Peter Friedl
La pratique pluridisciplinaire de l’artiste Peter Friedl (1960, Oberneukirchen, Autriche) se nourrit de ses connaissances en dramaturgie et linguistique et de son expérience de critique de théâtre pour explorer l’étendue construite du récit historique et les dynamiques de pouvoir qui régissent la société. Bien que rarement narratives, ses œuvres vidéo se signalent par un sens aigu de la dramaturgie, qui leur permet de se situer dans un espace interstitiel entre réalité et fiction, documentation et théâtralité, étrangeté et émotion. Réfutant toute prétention, ses œuvres multiplient les références qui se situent en dehors du champ de l’art contemporain, du théâtre épique à l’humour burlesque.

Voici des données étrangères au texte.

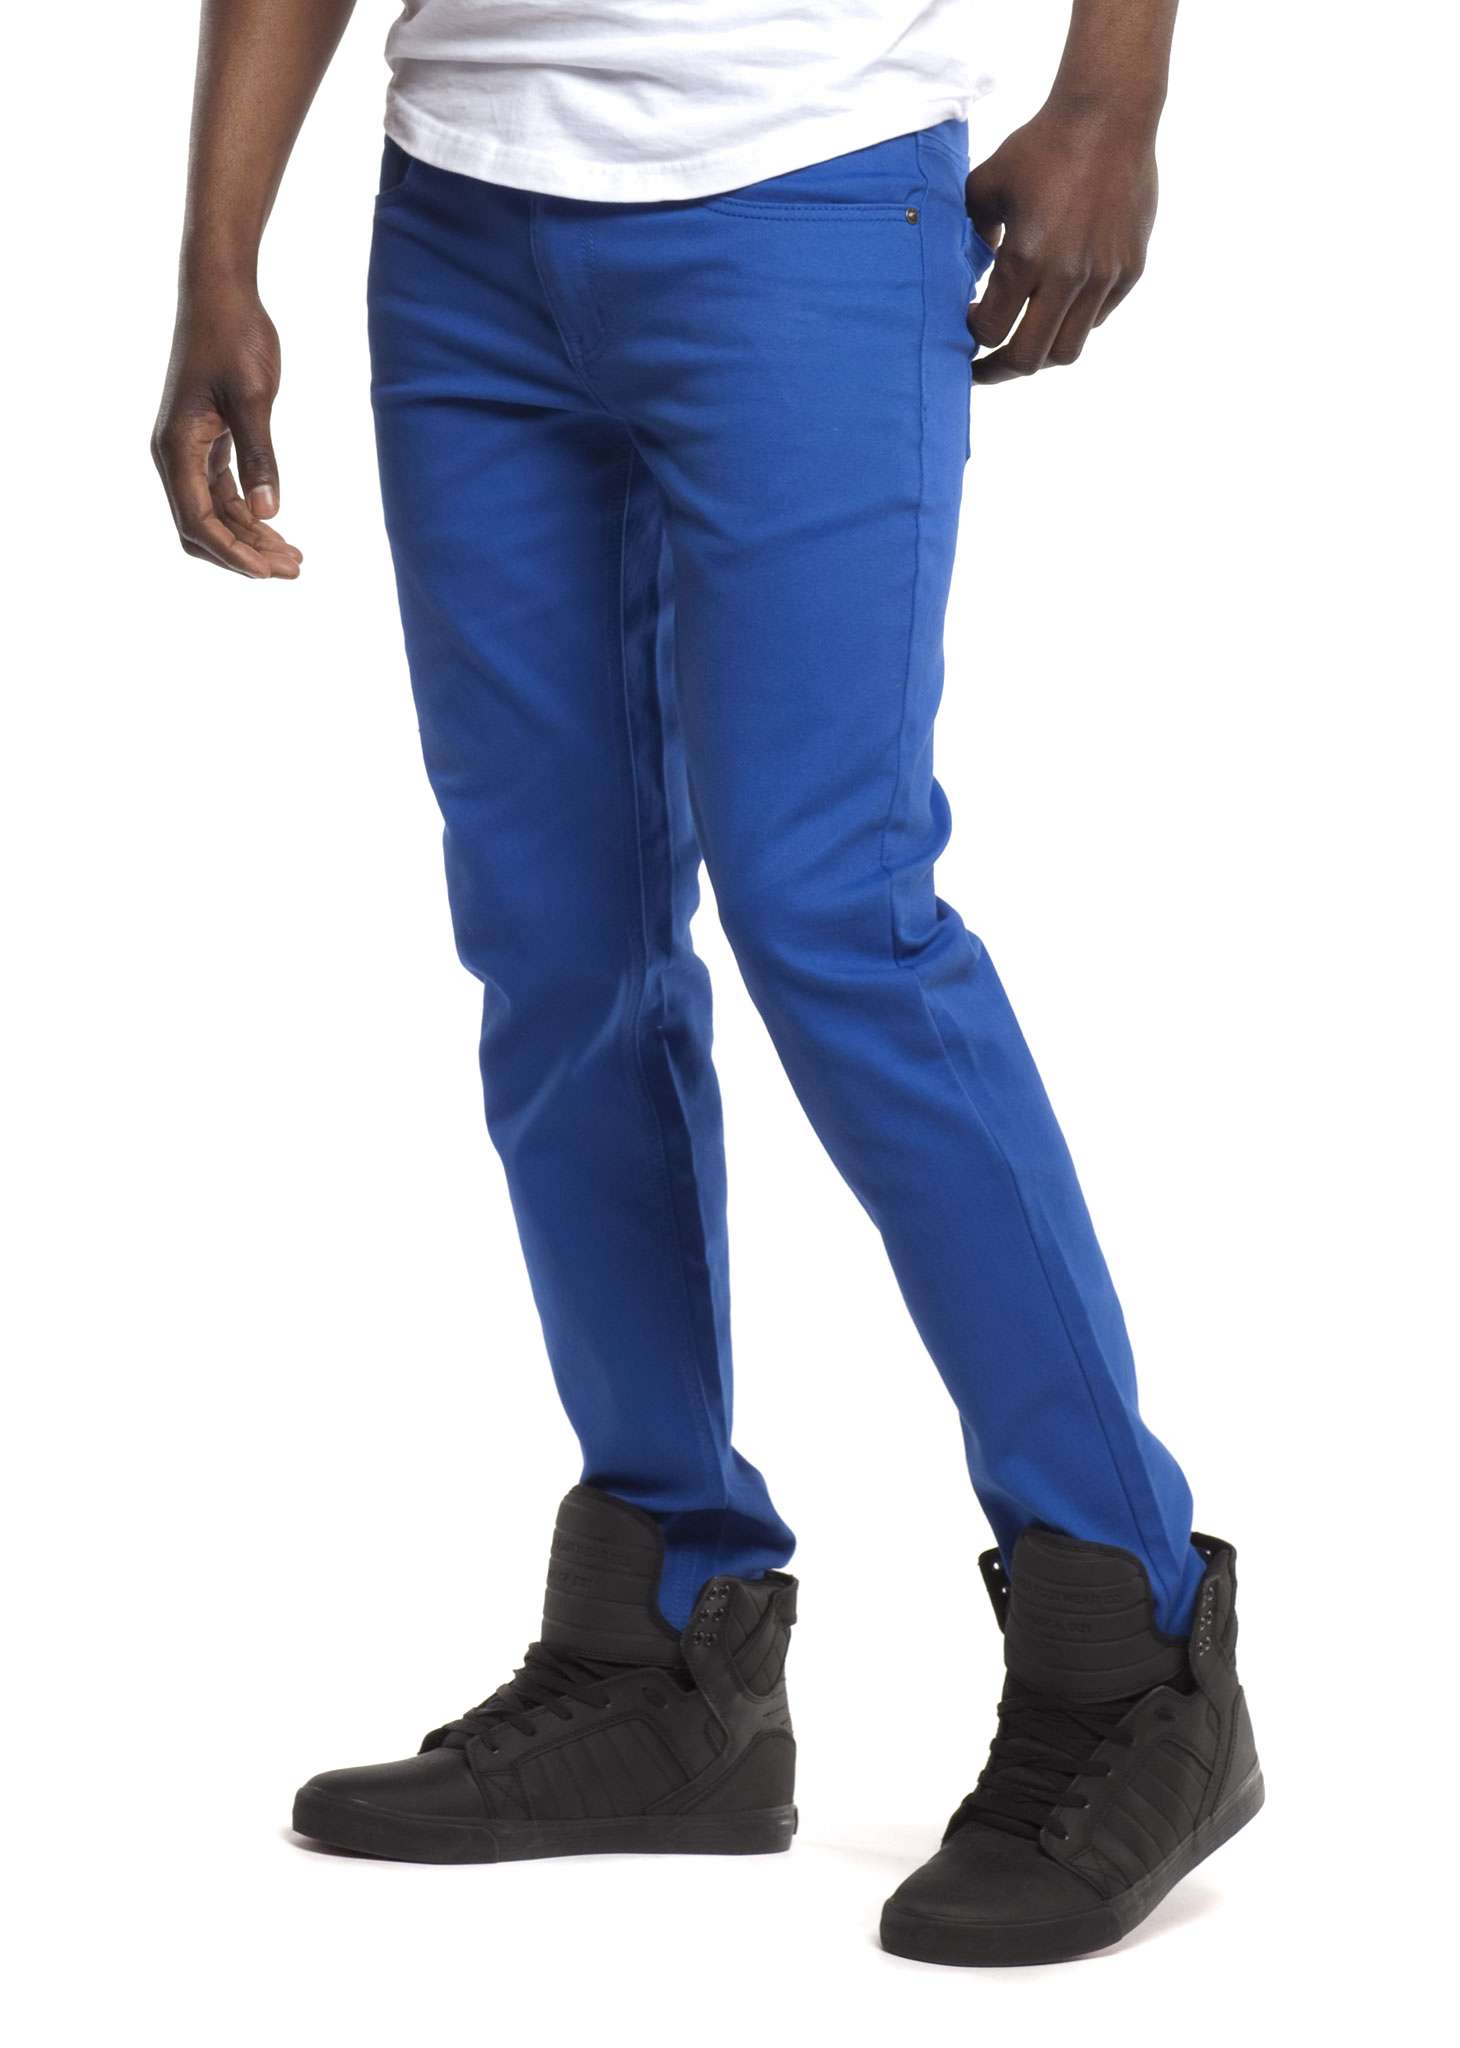 Royal Blue Men's Colored Skinny Stretch Twill Jean Pant | eBay

Le travail de Peter Friedl part souvent d’événements politiques pour remettre en question la manière dont nous les percevons, comme en témoigne par exemple la troublante vidéo Liberty City (2007), où l’on voit un policier (blanc) roué de coups et projeté à terre par deux hommes (noirs). Montées en boucle, les images de ce plan séquence sont floues, donnant le sentiment qu’il s’agit d’une vidéo amateur tournée la nuit. En réalité, il s’agit d’une reconstitution, scénarisée et inversée, d’un épisode violent de l’histoire américaine contemporaine : le meurtre du motocycliste (noir) Arthur McDuffie par des policiers (blancs) à Liberty City, Miami, le 17 décembre 1979, qui l’avaient arrêté et battu à mort. L’acquittement des policiers en 1980 déclencha les émeutes connues sous le nom de « Miami Riots ». La vidéo de Friedl a été tournée aux abords du Liberty Square Housing Project, un complexe construit dans les années 1930 pour séparer les Noirs américains des communautés blanches, comme en témoignent aujourd’hui les vestiges d’un mur. En inversant la dynamique de pouvoir de cet événement, l’artiste révèle les préjugés raciaux qui le sous-tendent et fait appel à la compassion des spectateur·rice·s. Pour décrire la manière dont son œuvre souhaite susciter une réaction instictive de la part des spectateur·rice·s, l’artiste parle de « théâtre épique dans le style d’un documentaire ».